This a response to Ted Hughes' poem View of a Pig (below).
Thumper
Pig on a barrow
Snouts a punch
Lolls back
Bares itself
Is bleeding
Is split
Is wild for it
This rain
These vicious flecks finding ground
Dissolving
Into one another
It's not going nowhere this morning
Dead
Its trotters stuck straight out
Pig on a barrow
Is a thumper
And its viewer knows
His subject
Fat wheat sack poundage
Laid out before him
Is too deadly factual for market
For shame
Before Him too dead
The sunk thumper's viewer is unabashed
He fancies a greased fairground piglet squealing
between shadows harder to
Catch
Nimbler than a cat
The pig
More than dead
A thumper
View of a Pig
The pig lay on a barrow dead.
It weighed, they said, as much as three men.
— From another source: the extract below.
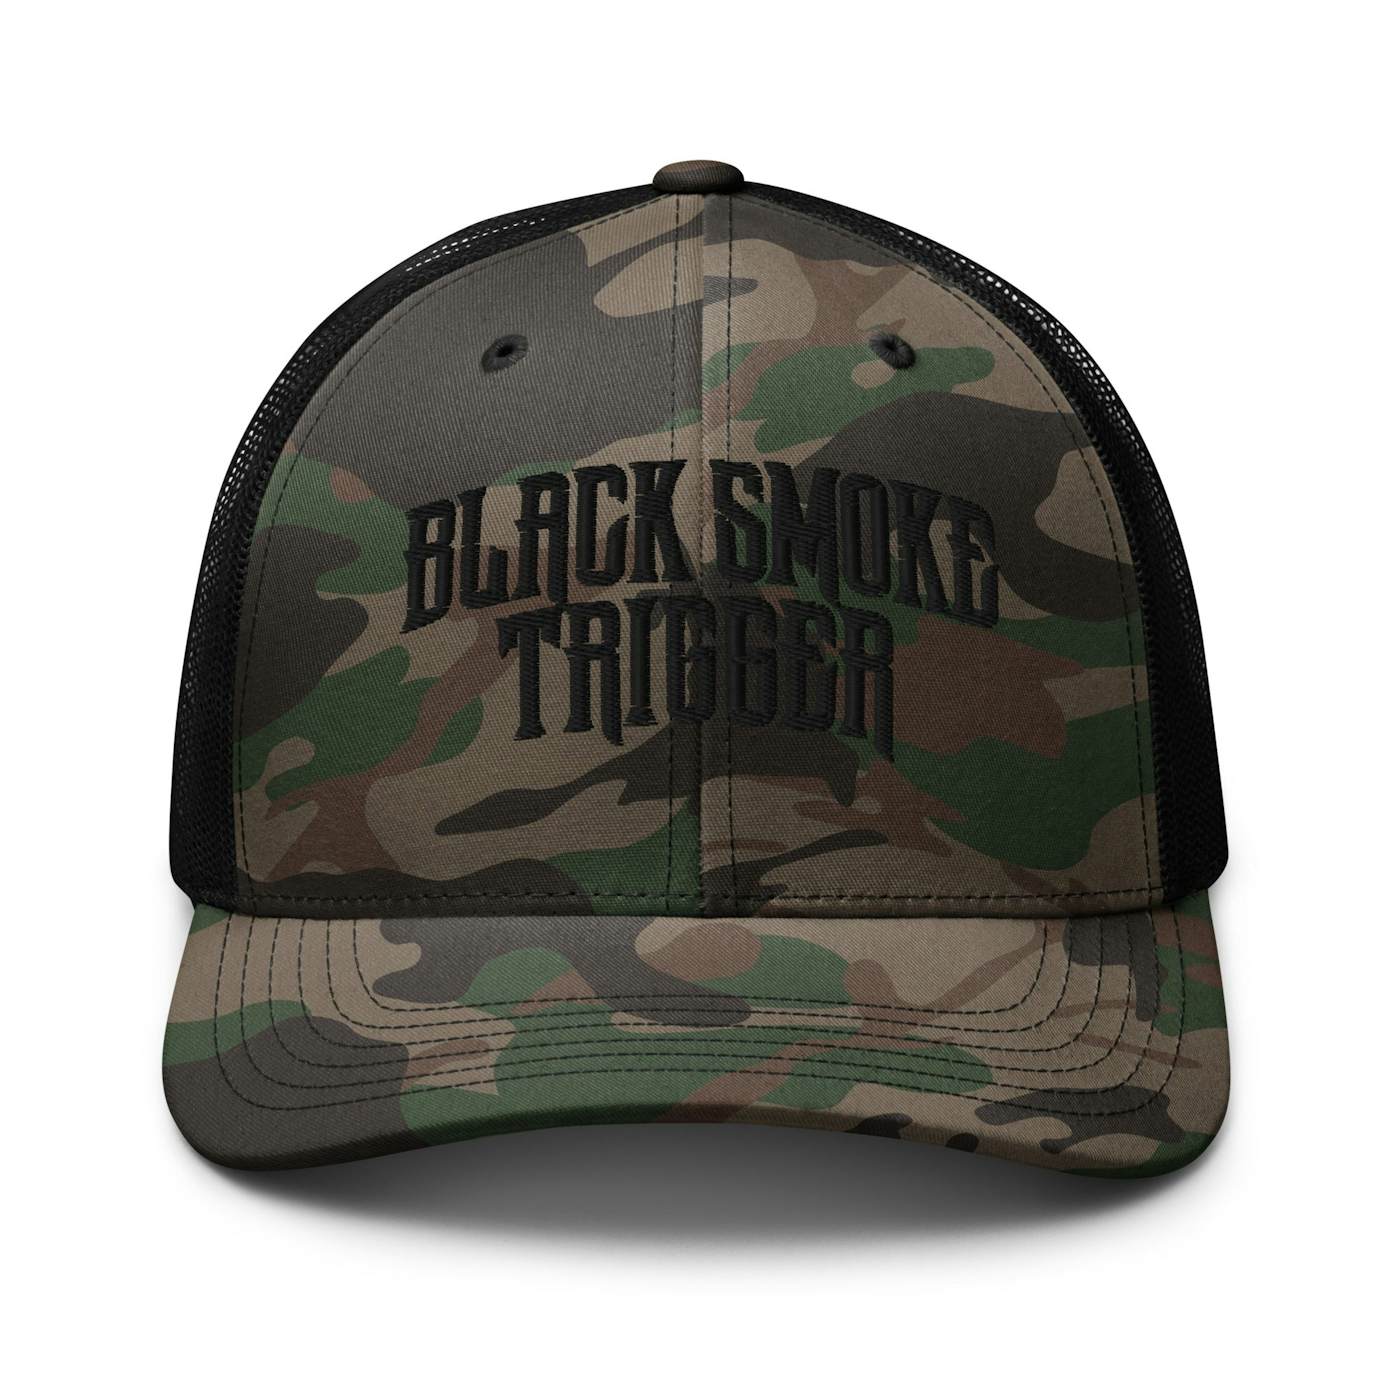 Black Smoke Trigger BST Camo Trucker Hat

Its eyes closed, pink white eyelashes.
Its trotters stuck straight out.
Such weight and thick pink bulk
Set in death seemed not just dead.
It was less than lifeless, further off.
It was like a sack of wheat.
I thumped it without feeling remorse.
One feels guilty insulting the dead,
Walking on graves. But this pig
Did not seem able to accuse.
It was too dead. Just so much
A poundage of lard and pork.
Its last dignity had entirely gone.
It was not a figure of fun.
Too dead now to pity.
To remember its life, din, stronghold
Of earthly pleasure as it had been,
Seemed a false effort, and off the point.
Too deadly factual. Its weight
Oppressed me – how could it be moved?
And the trouble of cutting it up!
The gash in its throat was shocking, but not pathetic.
Once I ran at a fair in the noise
To catch a greased piglet
That was faster and nimbler than a cat,
Its squeal was the rending of metal.
Pigs must have hot blood, they feel like ovens.
Their bite is worse than a horse's –
They chop a half-moon clean out.
They eat cinders, dead cats.
Distinctions and admirations such
As this one was long finished with.
I stared at it a long time. They were going to scald it,
Scald it and scour it like a doorstep.